To do:
Leave out the pictures and retype, exactly, the lines below from the line with "Langrisser Millennium - Bandai" up to and including the line with "Steel 'Corbeille' Leather", nothing more.

Data provided:
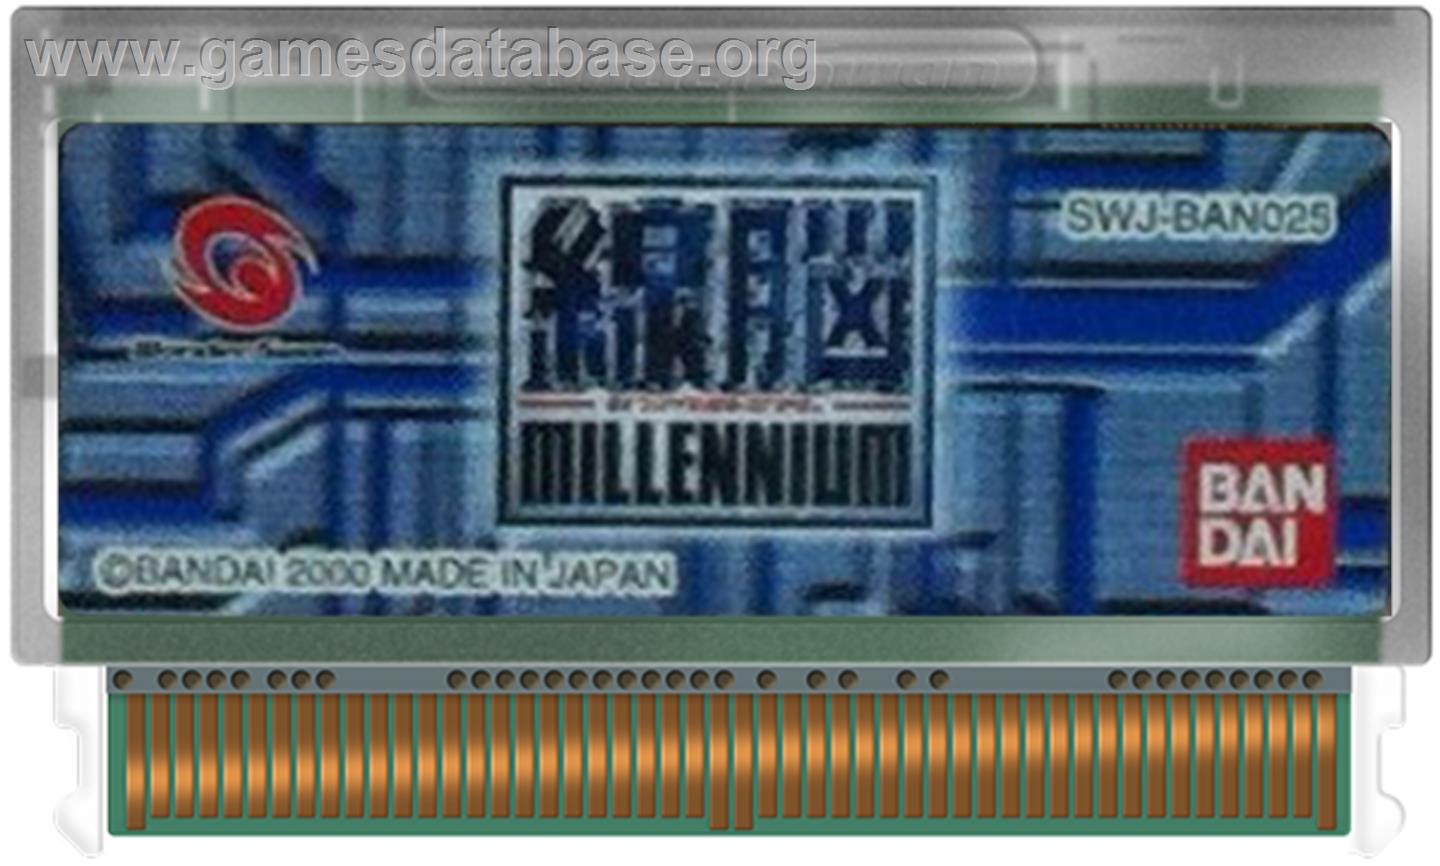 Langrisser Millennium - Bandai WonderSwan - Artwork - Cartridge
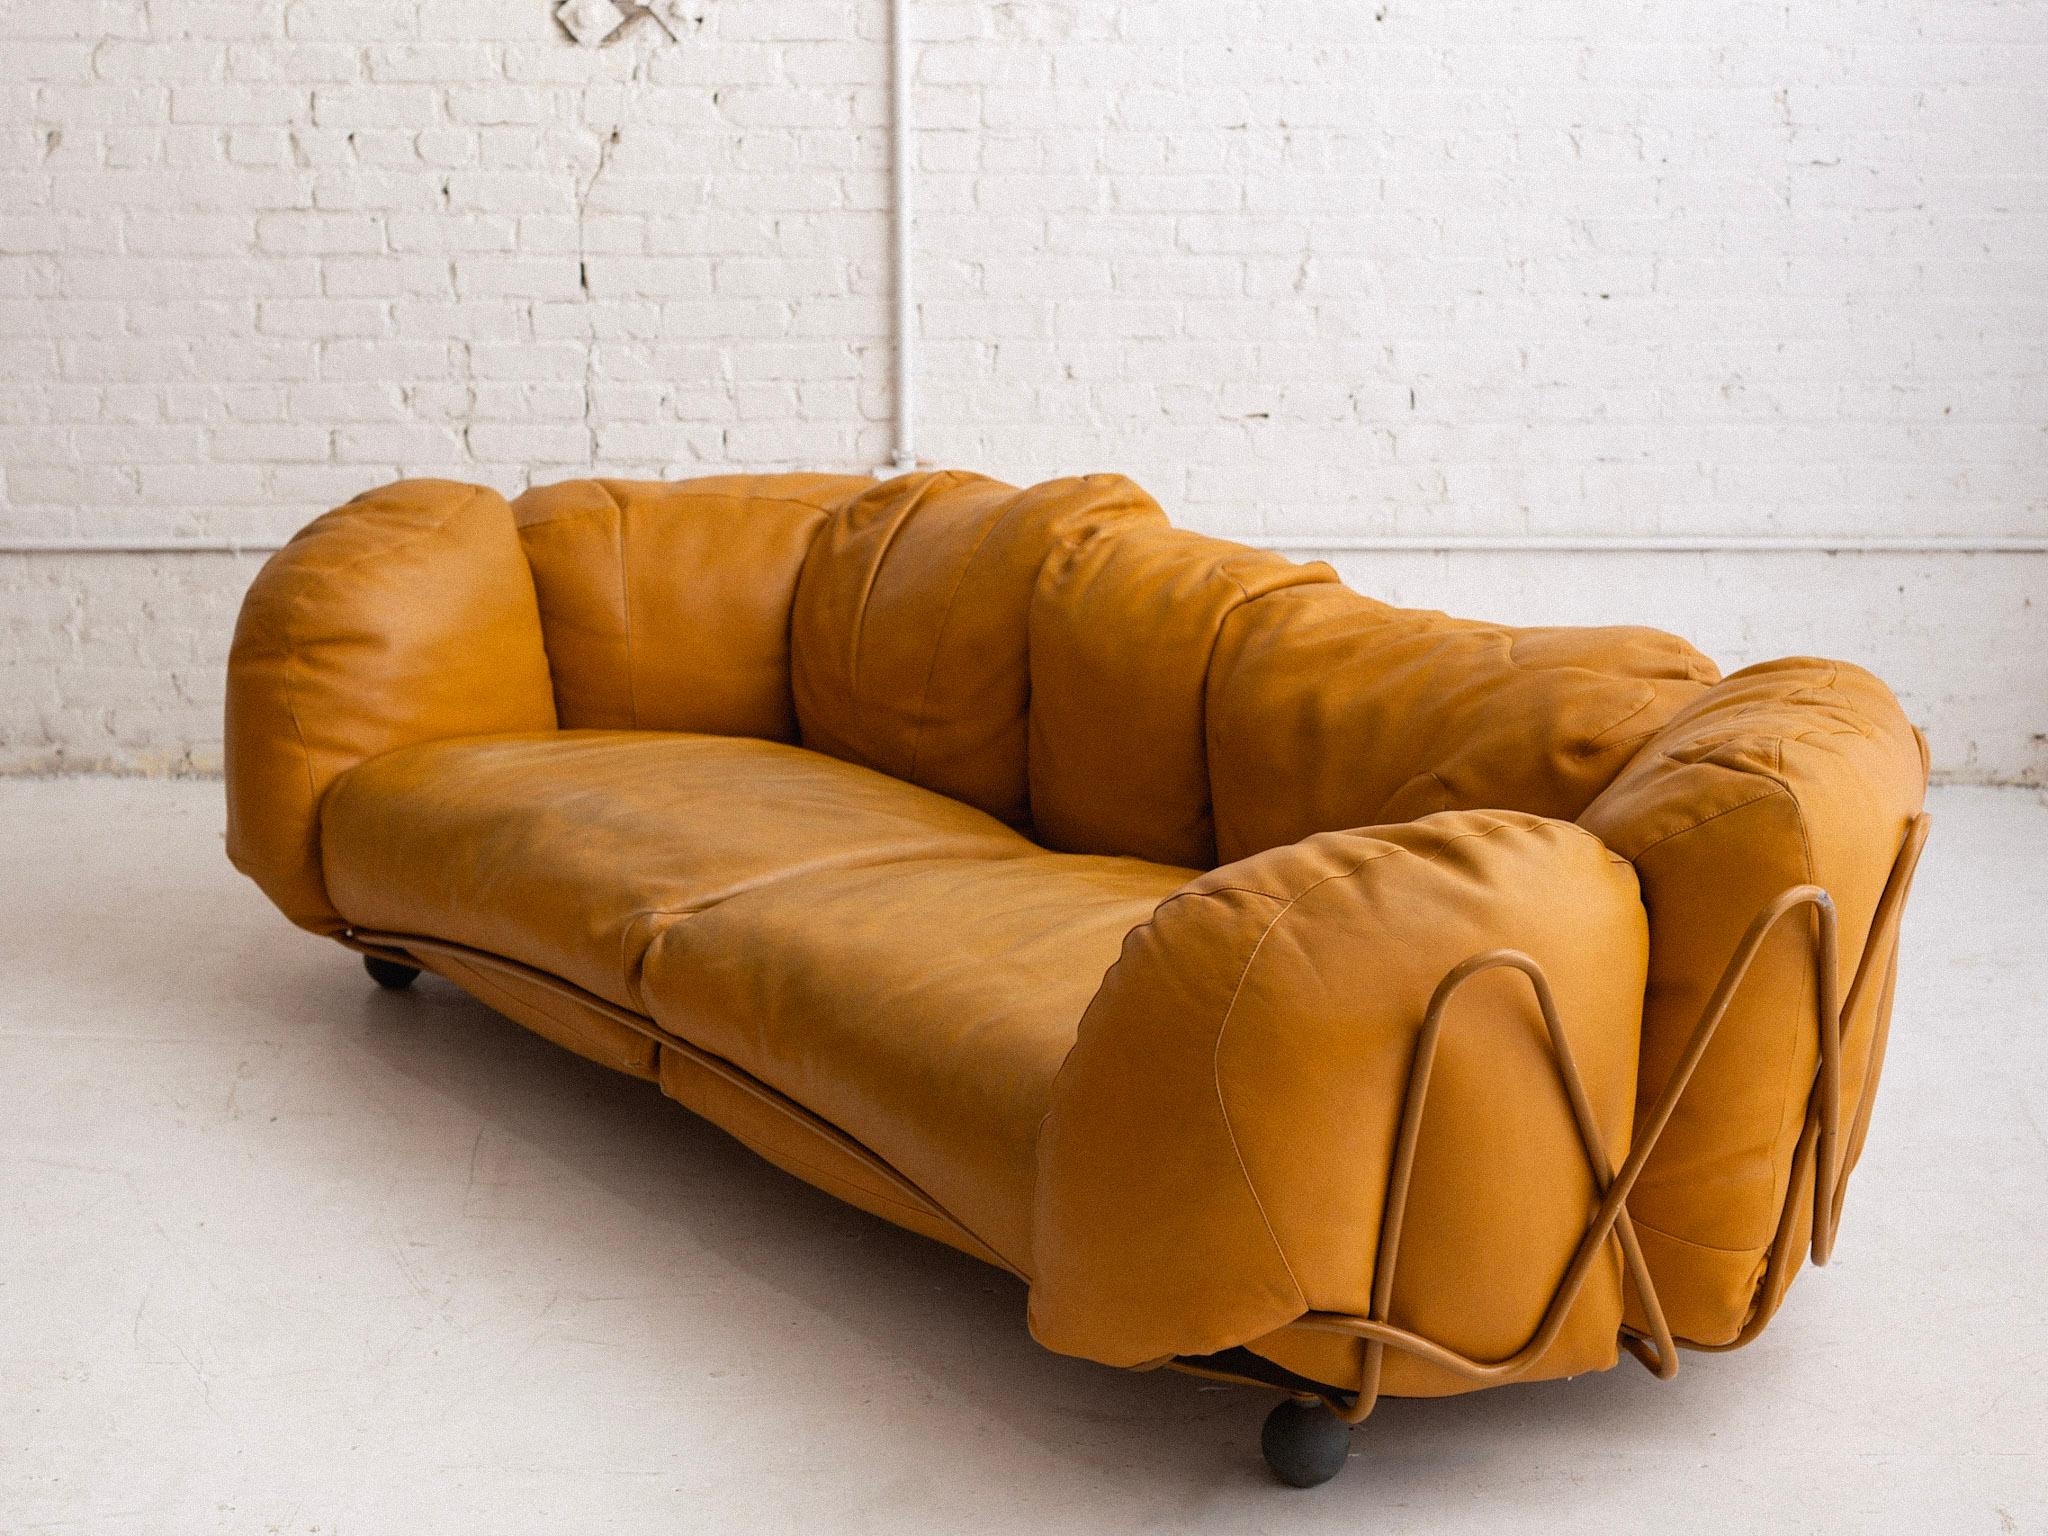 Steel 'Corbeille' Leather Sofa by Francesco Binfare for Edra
==
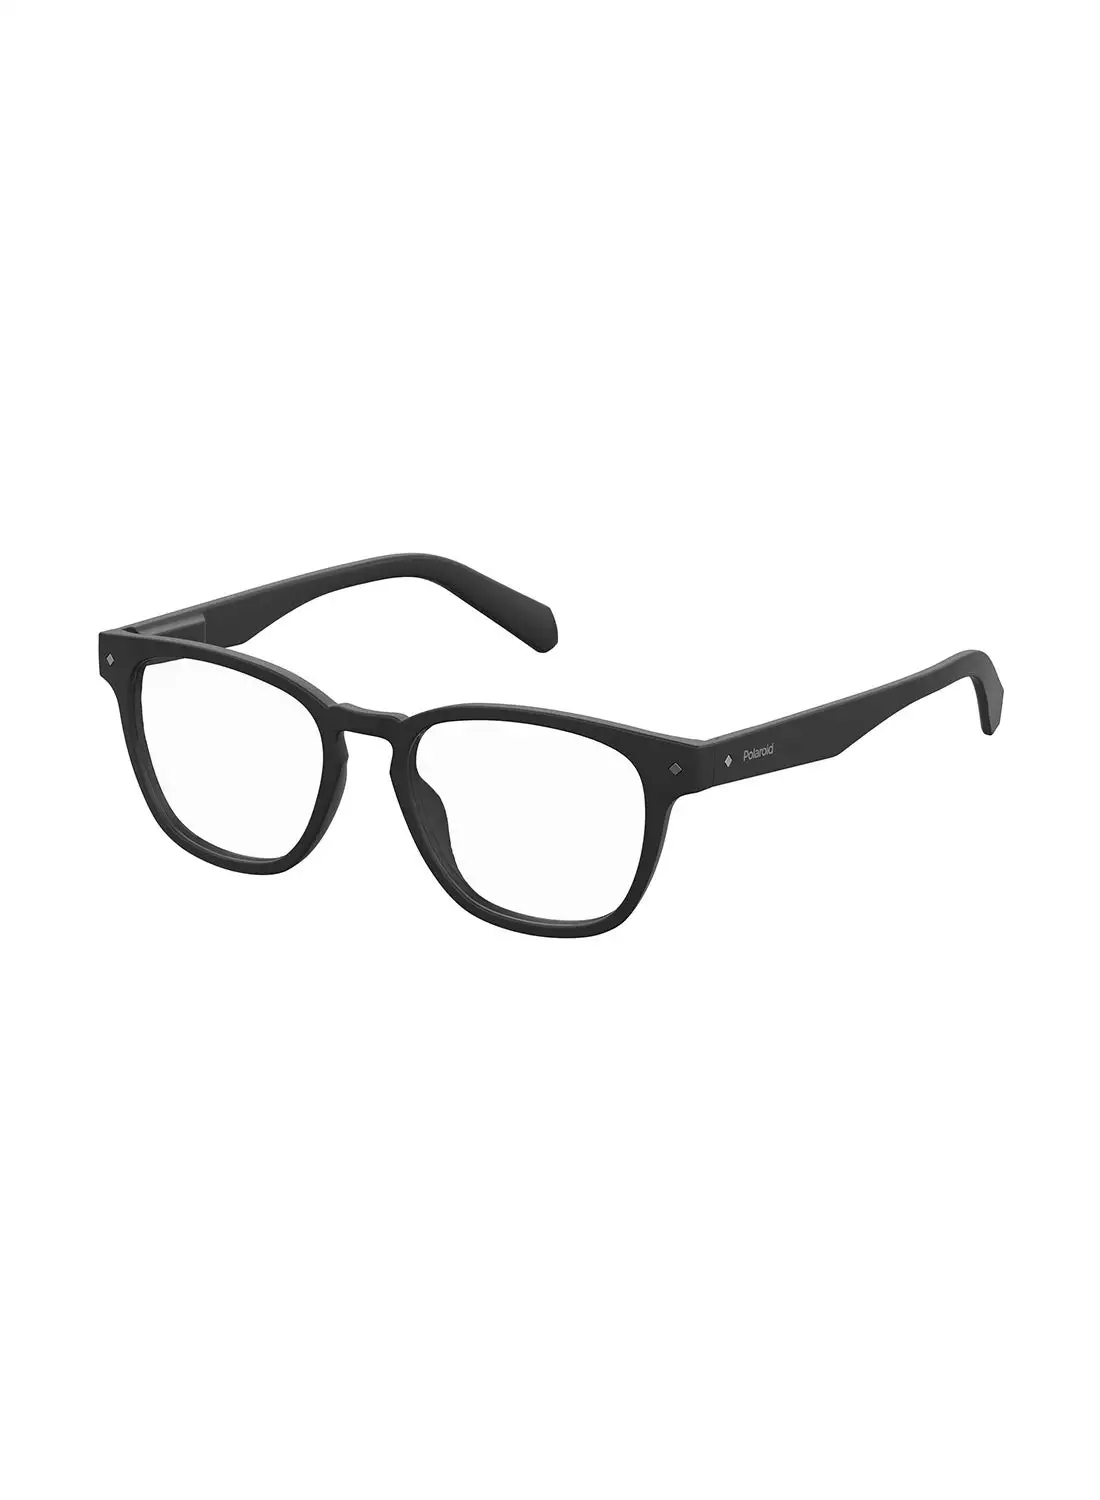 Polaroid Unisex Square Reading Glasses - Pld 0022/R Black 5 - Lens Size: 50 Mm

Task answer:
 Langrisser Millennium - Bandai WonderSwan - Artwork - Cartridge
 Steel 'Corbeille' Leather Sofa by Francesco Binfare for Edra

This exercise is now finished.